Pelukan Shuusei mengerat seolah-olah bertekad, akan ia susun lagi Touson yang berpecahan ini–terus Shuusei rakit yang walaupun setiap kali selesai, Touson berhamburan lagi, jari-jari Shuusei pasti setia. Habisnya Touson tidak bersalah. Karena penyakit aneh tersebut bukanlah sesuatu yang mesti Touson terima, makanya Shuusei rela tidak pernah pulang menuju kebahagiaan yang hakiki.
"Tokuda Shuusei. Kau tidak perlu mengingat aku selalu mencintaimu, karena aku akan terus melakukannya sampai kapan pun."
Sebagai representasi jiwa penulis di masa lalu, mereka abadi. Kendatipun shinshokusha membunuh Shuusei di dalam buku, ataupun Touson, sang alkemis pasti bisa memanggil lagi. Namun, semenjak serangan shinshokusha entah bagaimana berhasil merusak ingatan Touson, tentu saja Shuusei tak pernah membiarkan Touson delving. Bahkan diam-diam Shuusei pun merasa takut untuk dirinya sendiri.
"Shuusei. Maaf mengganggumu tengah malam begini, tetapi ada buku yang harus kita jernihkan."
Tanda tanya Touson layangkan pada Tayama Katai yang tanpa mengetuk, membuka pintu kamar Touson begitu saja. Shuusei beranjak dari tepi kasur. Tangannya gemetar, dingin, tetapi ia tetap tersenyum hangat kepada Touson yang tidak kunjung memahami apa-apa.
"Tunggu aku, Shimazaki. Setidaknya tolong ingatlah satu hal untuk hari ini saja, aku pasti kembali dan kita bersenang-senang."

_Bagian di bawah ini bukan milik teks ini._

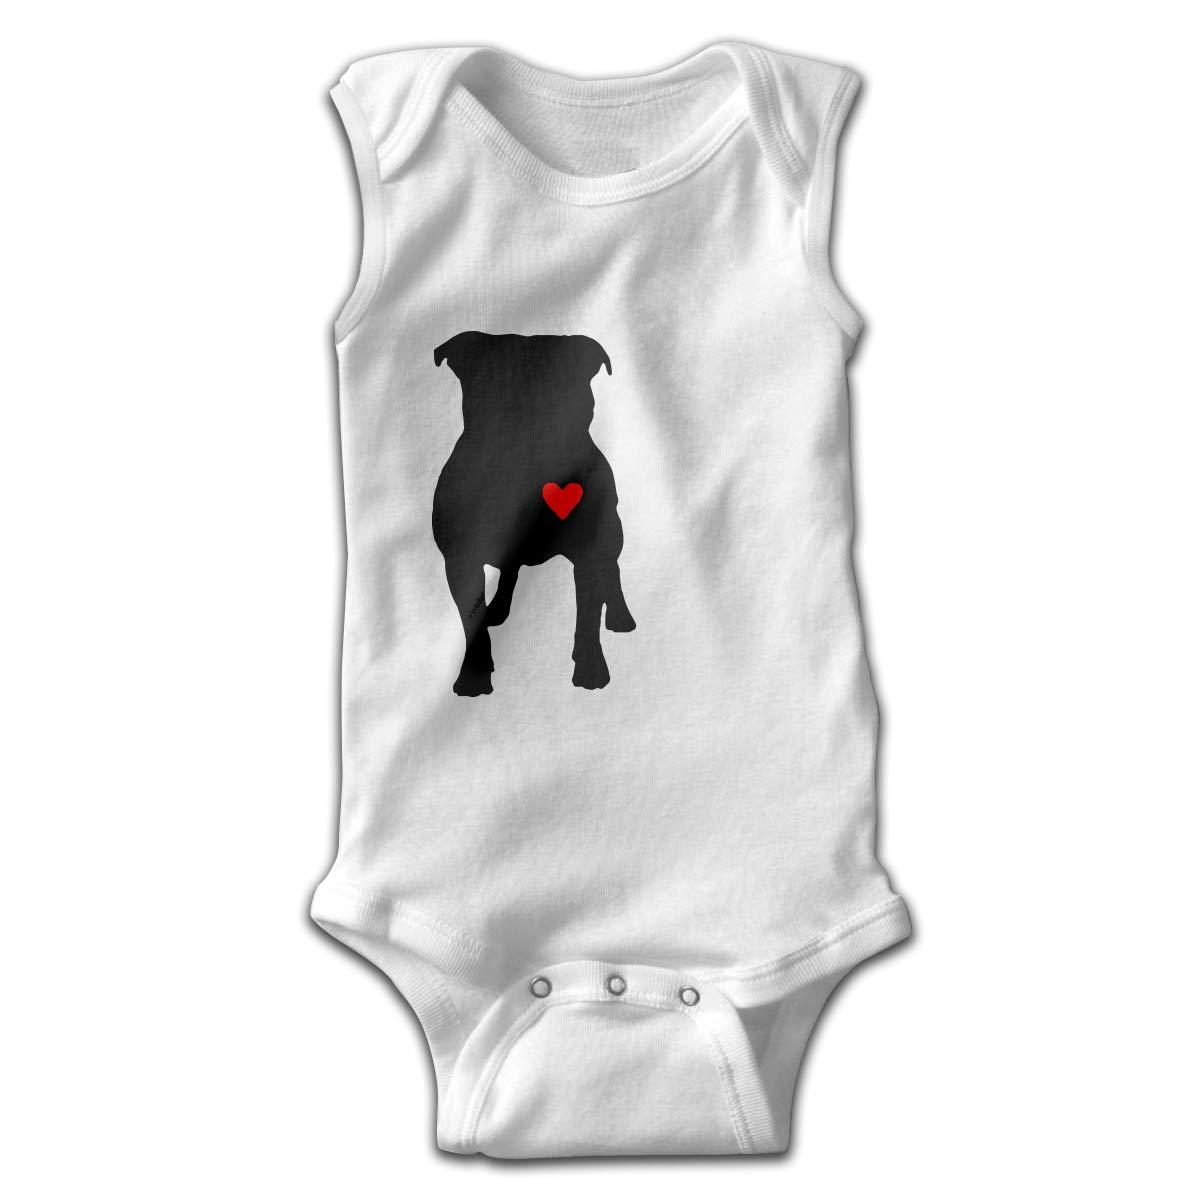 MMSSsJQ6 Pitbull Heart Baby Newborn Infant Creeper Sleeveless Romper Bodysuit Rompers Jumpsuit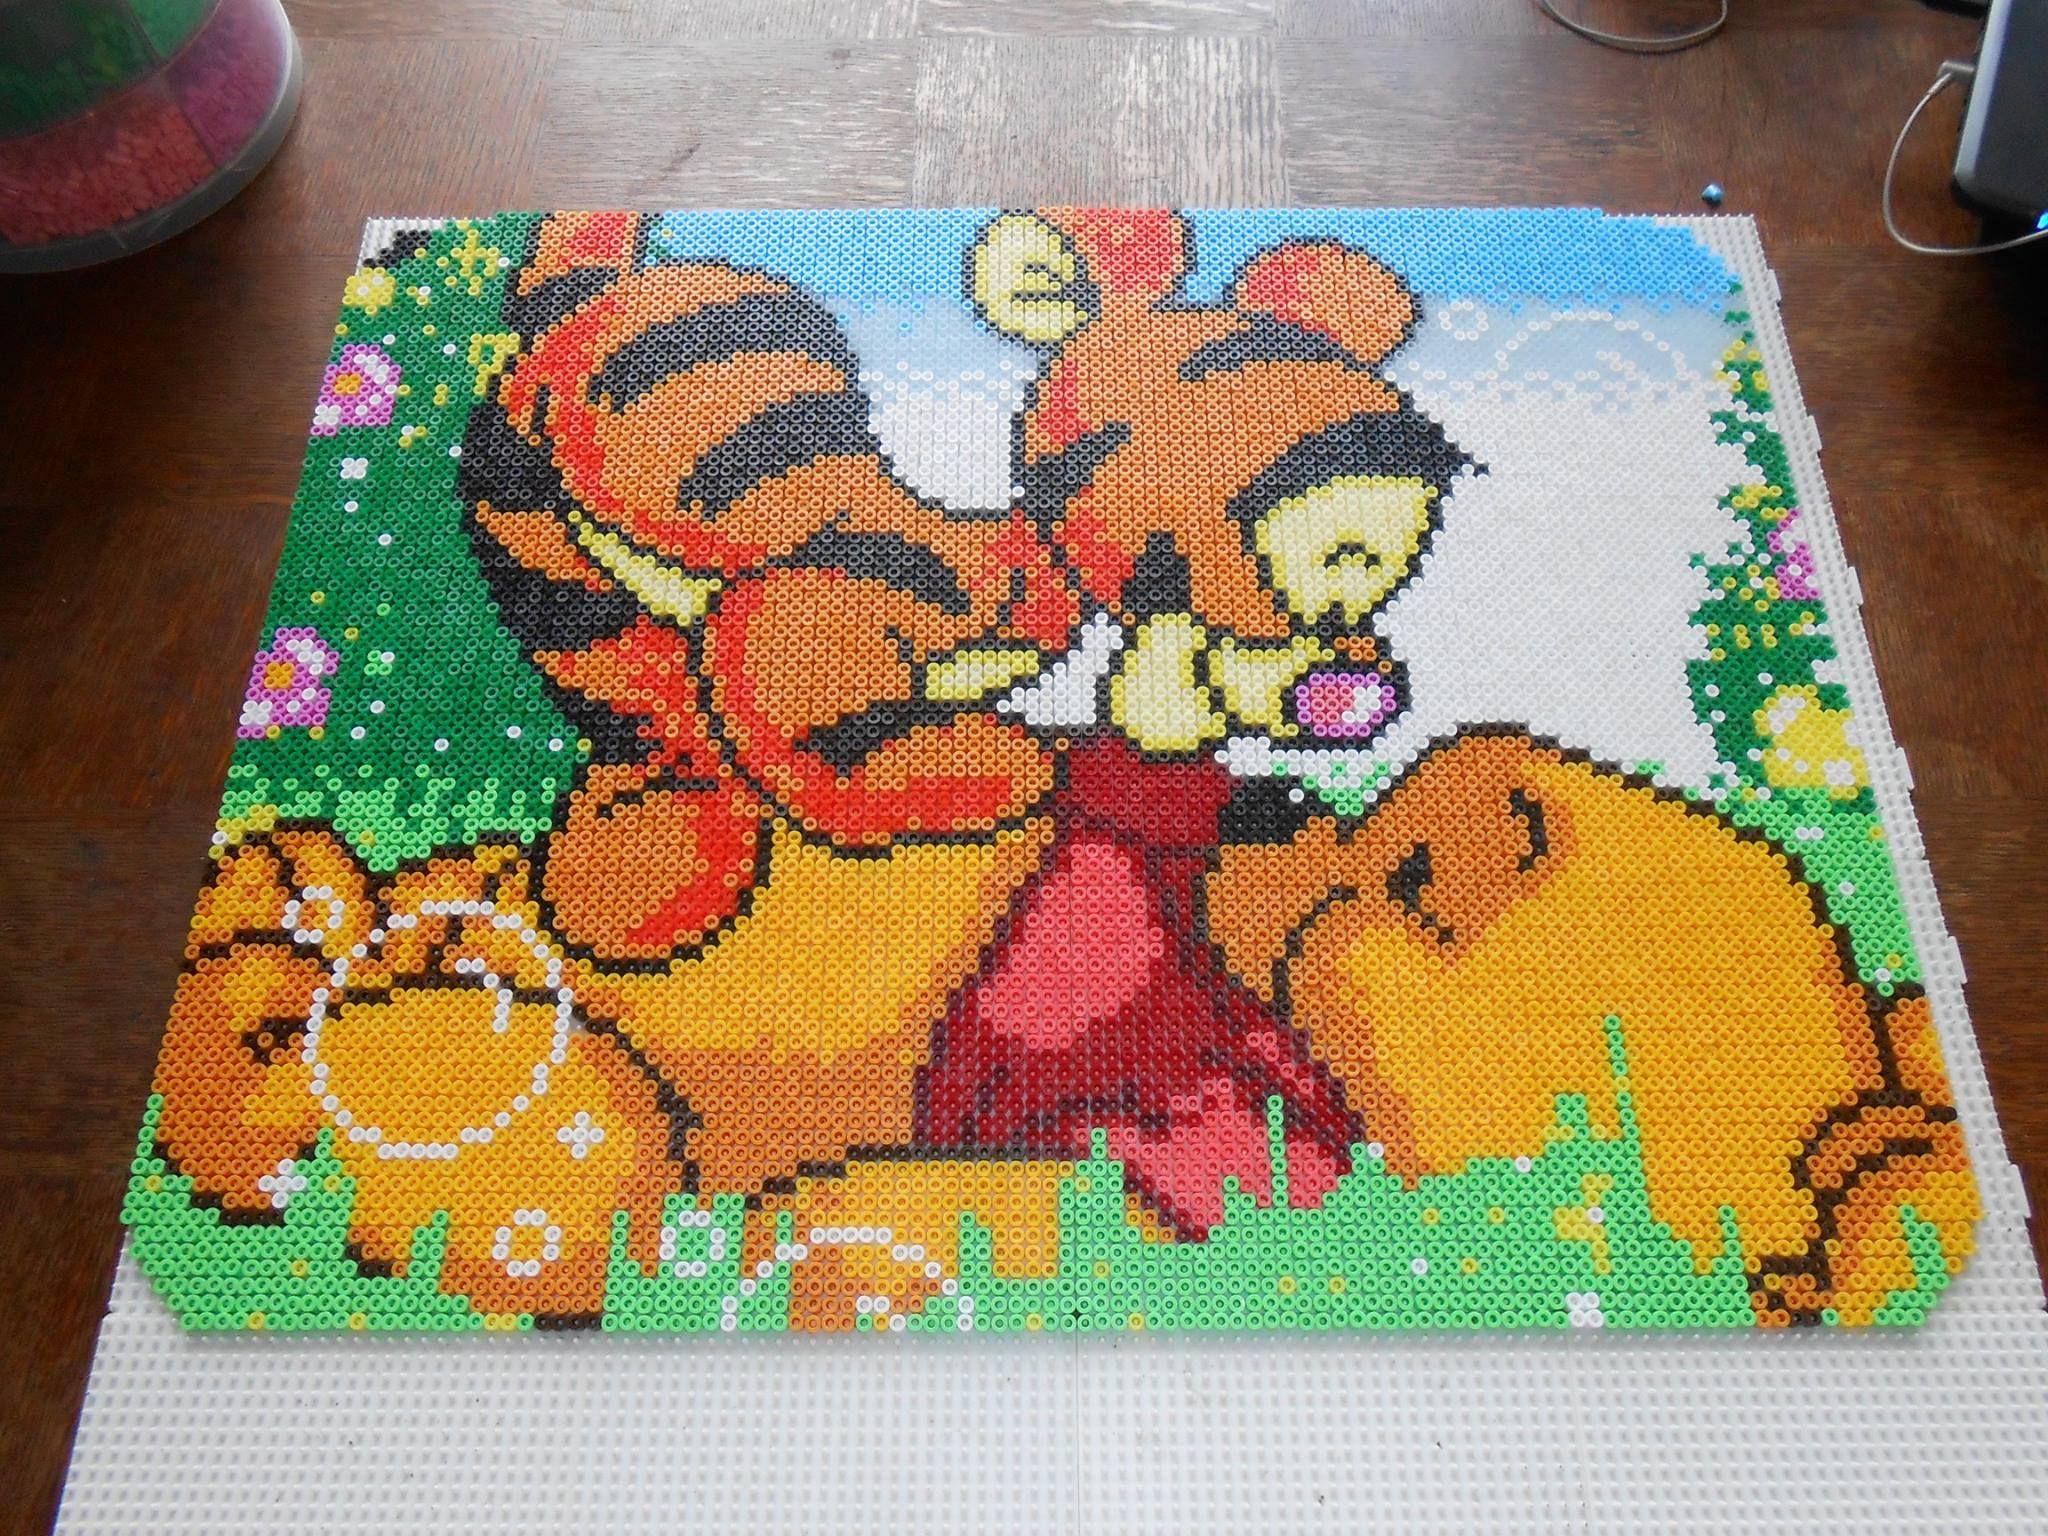 Baby Tigger and Baby Winnie hama perler beads (16 pegboards) by swarovski

Benar. Shuusei tidak boleh mati, atau ia akan melupakan yang terjadi pada Touson ketika dipanggil lagi. Batu alkemis sudah mulai mencapai batasnya, usai sekian dekade mereka memerangi shinshokusha. Kenangan yang telah dilalui di perpustakaan takkan pernah diingat, sebanyak apa pun diceritakan. Makanya Shuusei tak boleh kalah, bukan?
Tamat.
A/N: Aku langsung bikin ini abis selesai kerjain komisi, sebenarnya. Kisaran hari kamis, tapi baru kupublish sekarang karena merasa kurang sreg. Padahal enggak terlalu cepat atau lambat. Mau bikin panjang2 juga, entar bukan drabble lagi. Ide fic ini terinspirasi dari status temen. Fic dengan ingatan tiap hari riset juga aku pernah bikin sih di BSD, makanya di BTA ini masih baru idenya wkwkw.
Semoga kalian enjoy sama fic-nya~ maaf deh kalo enggak berasa angst.